PITTSBURGH (CN) - The results of a special election for Pennsylvania’s 18th Congressional District remain too close to call Wednesday morning, hours after Democrat Conor Lamb declared victory based on a narrow lead over Republican Rick Saccone.
Leading over Saccone by just 579 votes at 1 a.m., with absentee ballots still left to count and all precincts reporting, Lamb took the stage at his election night party as “Congressman-elect Conor Lamb.”
“It took a little longer than we thought, but we got there,” the 33-year-old former Marine said.
The race to fill the open seat in Congress follows the resignation last October of Representative Tim Murphy, a Republican whose pro-life image was marred by allegations that he urged his mistress to undergo an abortion.
In contrast to Lamb, who ran as a moderate and actively worked to distance himself from national Democrats, the Republican Saccone brought out President Donald Trump for two rallies in his district.
Covering mostly Pittsburgh suburbs with a touch of Coal Country, the contested district itself will not exist in midterm elections later this year.
Though the district was shaped in what the Pennsylvania Supreme Court has determined to be an unconstitutional gerrymander by Republicans, a majority of judges found that throwing out the map ahead of Tuesday’s election would be too confusing for voters.
Democrats at the polls Monday voiced optimism about Lamb’s chances.
"I was happy to vote for Conor Lamb," said retired school teacher Marilyn Lanna of Mt. Lebanon. "I don't like a lot of things Rick Saccone stands for. His stance on education proves he is no friend of education as far as funding charter school vouchers goes.”
Luv Purohit, a 24-year-old med student who paid attention to the candidates on the campaign trail, said he was put off by Saccone's stance on Pennsylvania’s heroin epidemic.
"I don't watch too much TV, but I saw Saccone's ad on YouTube promising to end the opiate crisis,” Purohit said. “Then I saw Lamb's ad that showed how Saccone wanted to cut funding to families affected by addiction. That made me want to come out and vote."
Raghu Nath, a professor of international strategic management at the University of Pittsburg, said he sees Lamb as a uniter.

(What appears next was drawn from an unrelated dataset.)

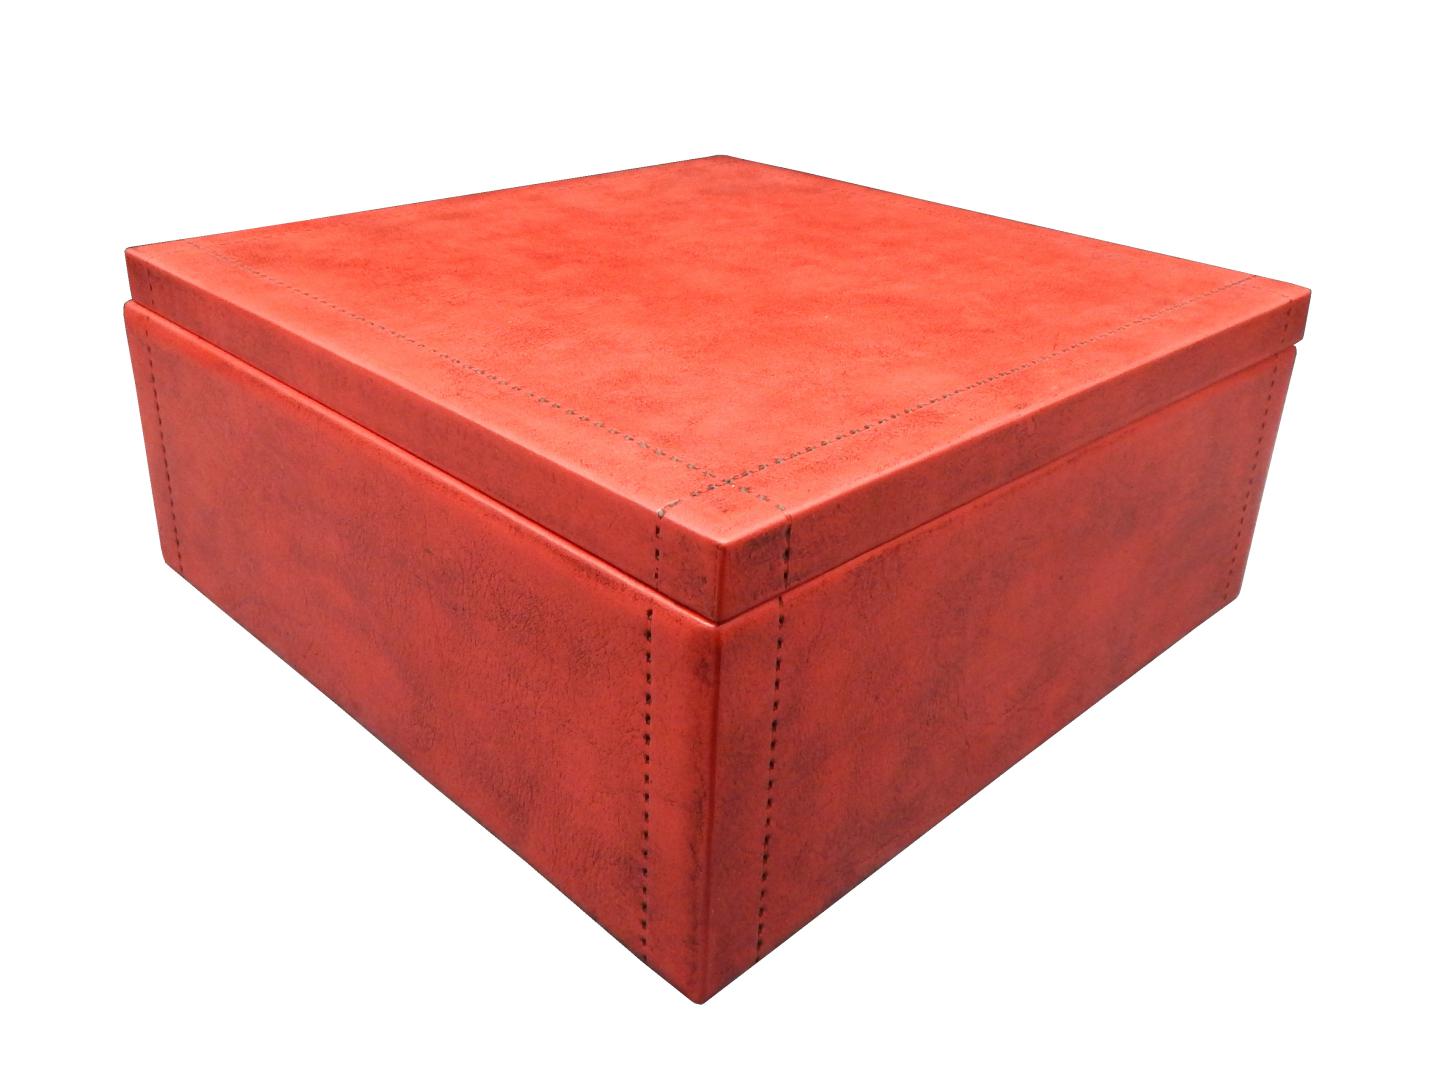 leather box with stitchless design on the sides and top of the box

"I want the country to stay united and not get divided," Nath said. "It's been splitting for the last 20 years.”
Language interpreter Carissa Yu, whose children attend Mt. Lebanon public schools, said she felt compelled to vote Democrat in the special election after last month’s high school shooting in Parkland, Fla.
"I want someone who can work on gun-control issues," said Yu. "The mass shooting really scares me. I don't know if my children will be 100 percent safe at school anymore."
"I'm not opposed to the Second Amendment, but nobody should be allowed to walk into a store and buy a semiautomatic weapon," Yu added.
Yu, who immigrated to the U.S. from Taiwan in 1985, said she believes Lamb is the candidate who will better represent minority voters if elected.
"I'm am from Taiwan, my husband is from Belgium, both of us are immigrants,” she said. “The main reason we stayed here is because this is a land of opportunity. The Dreamers came here not by choice but because their parents brought them here. Now because a president doesn't agree, you plan to kick them out? That really bothers me.
“We need someone who is more open minded and can accept different voices," Yu added. "I feel like I need to have my voice heard."